Rejoicing in Suffering

Therefore, since we have been justified by faith, we have peace with God through our Lord Jesus Christ.  Through him we have also obtained access by faith into this grace in which we stand, and we rejoice in hope of the glory of God.  More than that, we rejoice in our sufferings, knowing that suffering produces endurance, and endurance produces character, and character produces hope, and hope does not put us to shame, because God's love has been poured into our hearts through the Holy Spirit who has been given to us.  (Romans 5:1-5)

I write and speak as quite a novice in the ways of suffering.  I know that others have suffered far more, and I know that others have more wisdom on this subject.  If you stop reading now and simply pray and soak in the quoted Scripture above, it will by no means be a loss!  But perhaps if you read on, you will test what I say and find it to be both true and useful, and if that turns out to be the case, all praise for it will be due to God and not my wisdom.

First, I want to recognize that suffering is real.  This passage presupposes the reality of suffering in our lives, and more explicitly in other places of the Bible suffering is actually guaranteed.  Psalms gives undiluted voice to the many groanings of our hearts in a great variety of sufferings.  God is incredibly realistic in his teachings about suffering and in his portrayal of it.

It is possible that many write off the Bible as cookie-cutter unrealistic because it bids us to rejoice in our sufferings.  What could be more unrealistic than that?!  If only the Bible knew of my sufferings...

I believe every other system of belief falls either into naive optimism or into hopelessness, while the Gospel of Jesus Christ alone recognizes the depth and gravity of our position as fallen beings and actually addresses it.  There are plenty of people running around who believe in the progress of man through the triumph of science or some other method of improving humanity.  In each case there is some Utopia held up as ultimate and achievable, and humankind (for the most part) is on its way to achieving it, as long as we can get along and get some things together.  These people want to have Heaven now (whether or not they believe in Heaven), which is what some academics refer to as an over-realized eschatology.

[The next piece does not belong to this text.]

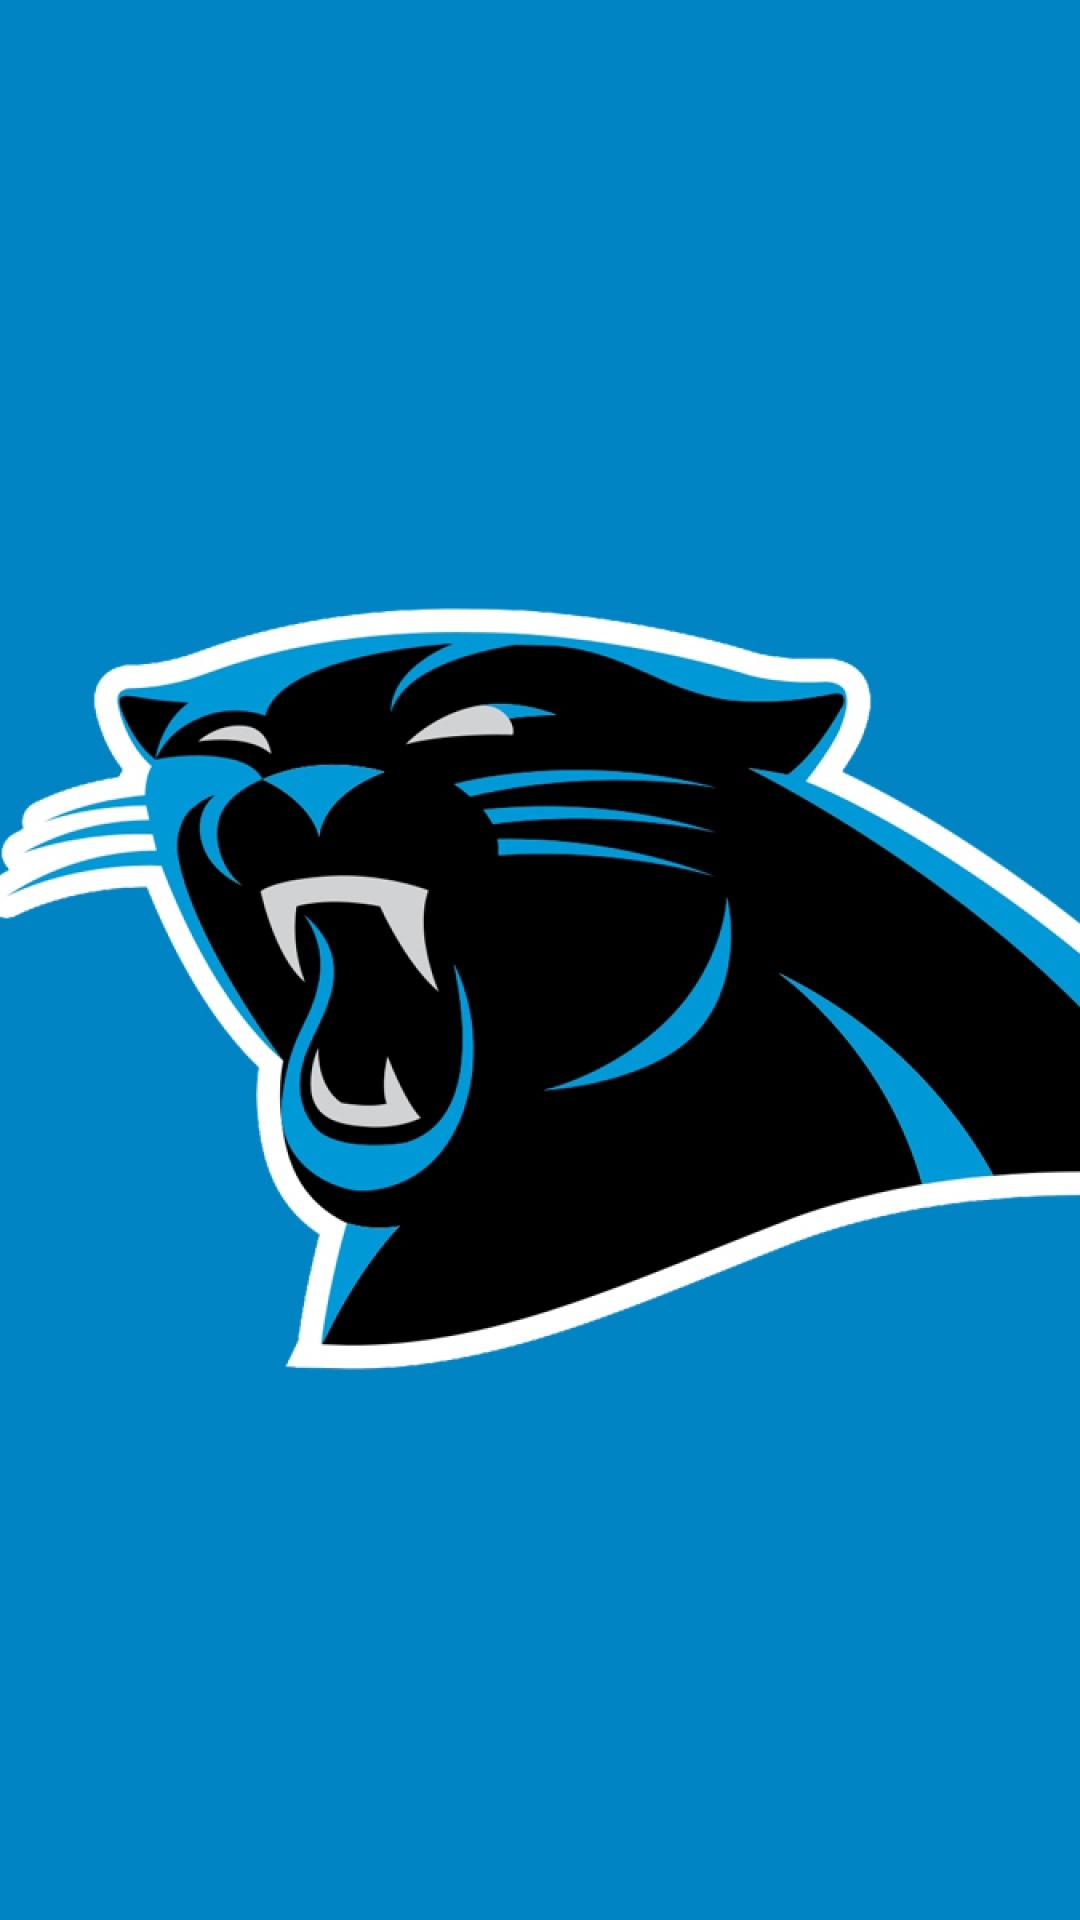 Carolina Panthers on X Wallpaper check whats yours  httpstco6LwebJylcn  X

Those who believe in an achievable Utopia are the unrealistic ones.  (And even if their vision for utopia is not a universal vision encompassing all of mankind, they probably have at least a personal/private vision of utopia.  Once such-and-such finally happens, then I will be finally happyI may still have some problems then, but they will mainly be minor problems that are easily taken care of.  And I will be able to basically live happily ever after.  This is what I call the Grass-is-greener-on-the-other-side of Graduation/marriage/kids/retirement Syndrome)

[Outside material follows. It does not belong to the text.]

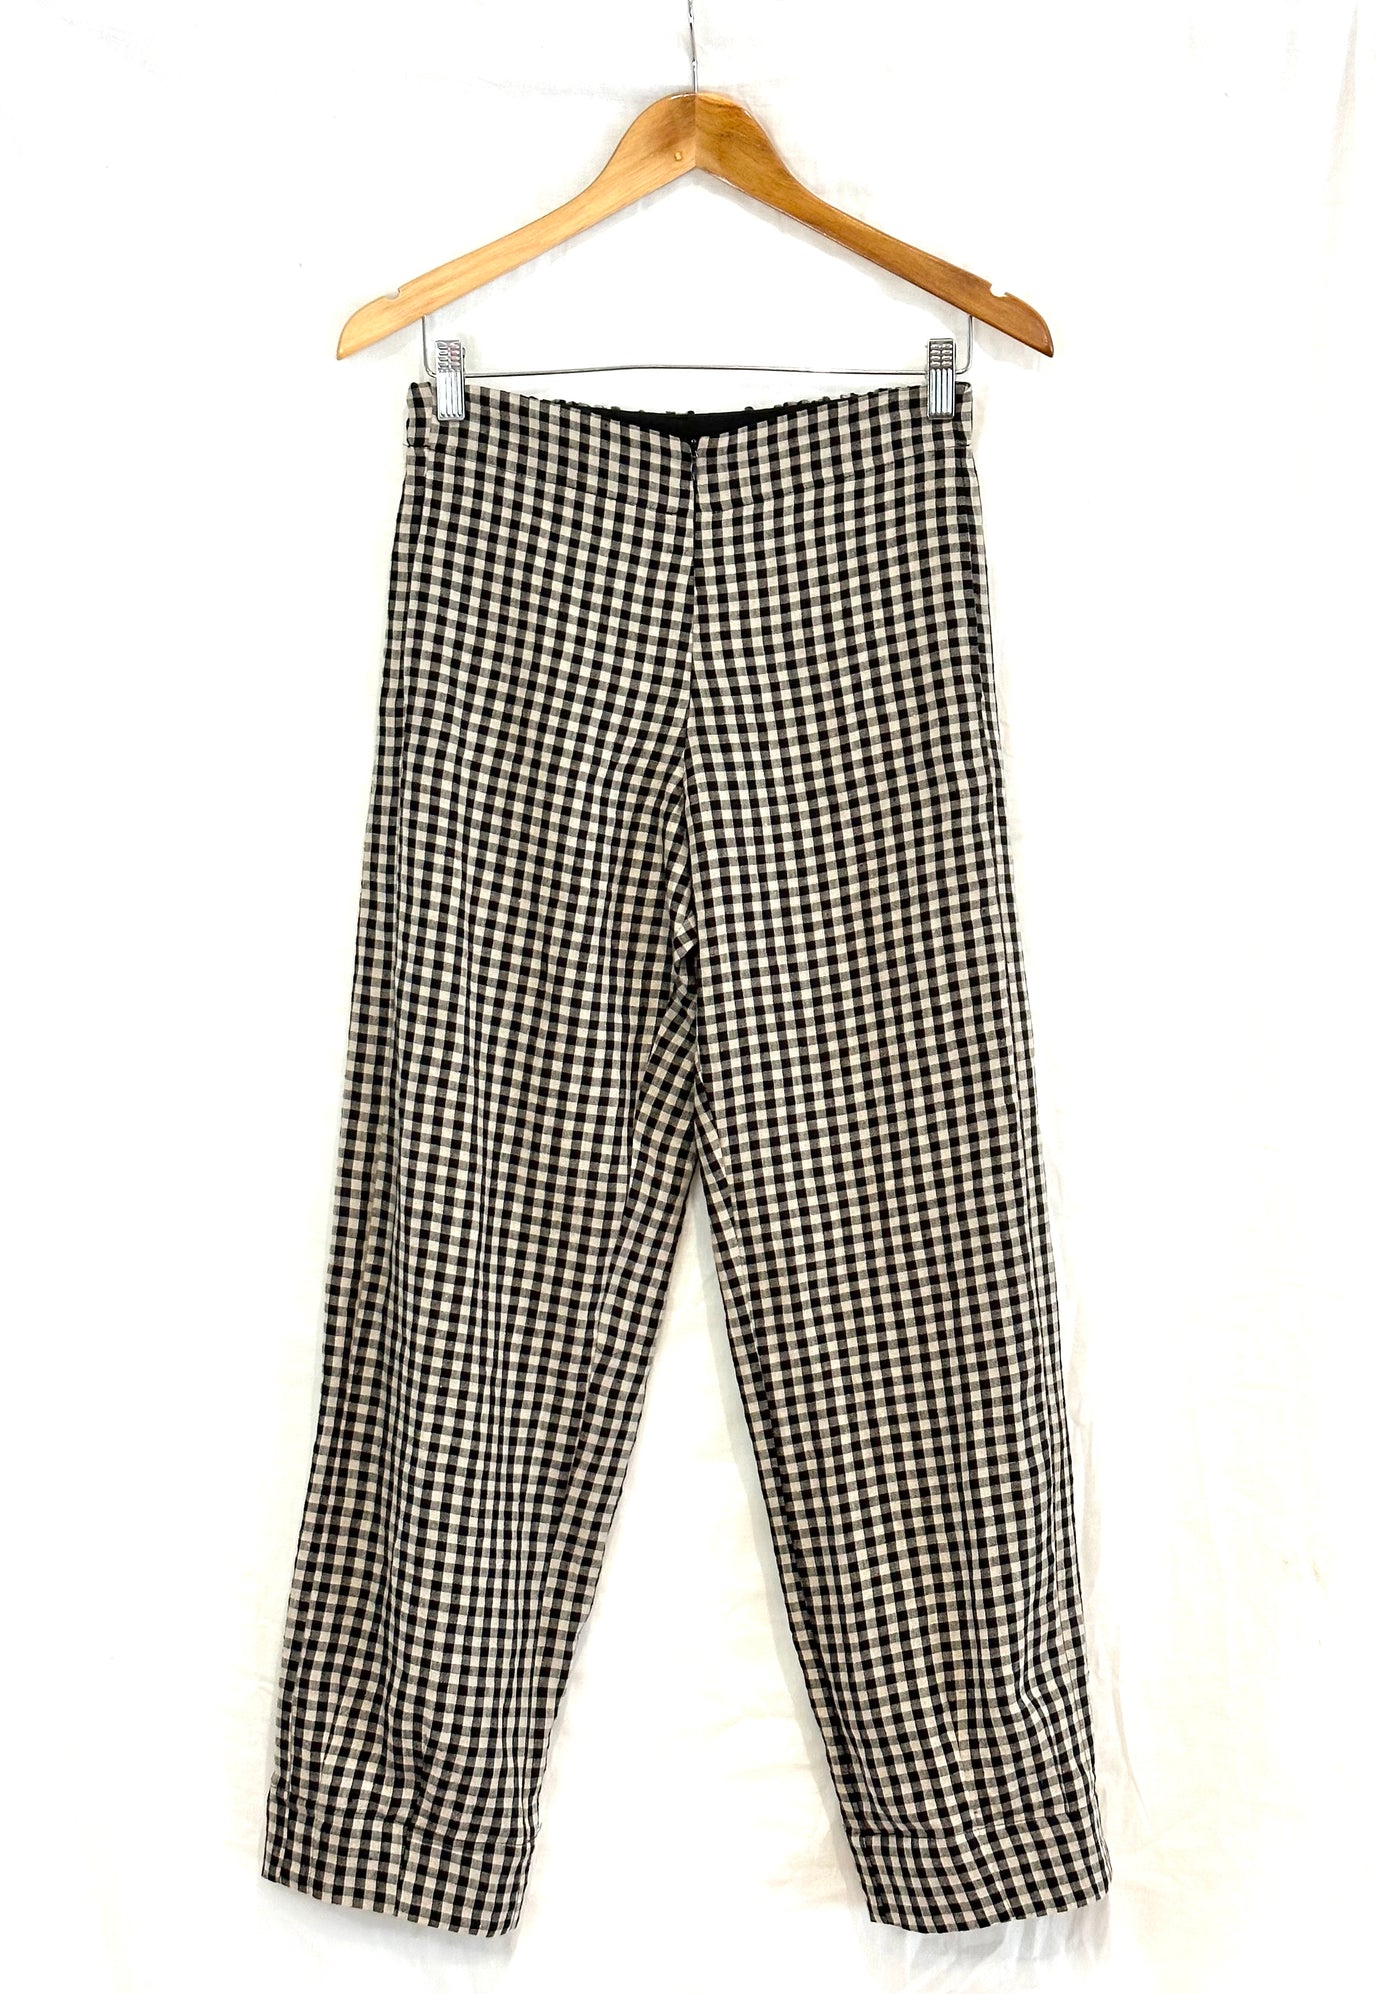 Vale and Ward - Ainsley Pant. Check

A look at the news reveals the folly of utopia.  The twentieth century was the bloodiest century of human history.  Today there are murders, rape, systematic oppression, wars, and all sorts of evils going on.  The twentieth century has revealed that scientific progress does nothing to improve the human condition, but rather just magnifies it!  Science may help us to prolong our lives and give us conveniences, but it cannot give us fulfillment or peace, and for one who has no hope, this only means he will have longer to suffer without hope, but at least he will be sufficiently distracted along the way.  Indeed, our depravity spreads to fill whatever room there is, and technology has merely served to provide us a bigger room, not a cleaner heart.  And beyond news and history, if we look closer in amongst our family and friends, we see suffering in struggling marriages, addictions, sickness, and painful death of loved ones.  And perhaps you have suffered.  While you will go through seasons characterized by more or less of it, there is nothing in this life that simply takes it away.  Suffering is a part of being human in this world. 

The other error is to open your eyes and truly recognize the suffering in the world only to conclude that there is no hope.  This will lead only to despair.  If you are without hope, you will do very little in helping to provide hope to others.  You will be miserable.  Humans are often resilient and do find hope, but is there possibly an anchor or a true object for our hope that will not fail?  Christians dare to answer, Yes!  Jesus is our hope.

What you run to when you are having a hard time will tell you the idol that you have set in Jesus' place - alcohol, food, television, friends, Oprah feel-good philosophy, books, sports...  Idols are good things (though I don't place Oprah's philosophy in that category) that we have made ultimate, and if we are getting things (peace, hope, happiness, security...) from this substitute that we should rightly get from God, that is good evidence of the idolatry.  When you are hit with hard news, do you pray or sink yourself into some distraction?  Prayer is the realistic answer.  It is our various distractions that are avoidances of reality.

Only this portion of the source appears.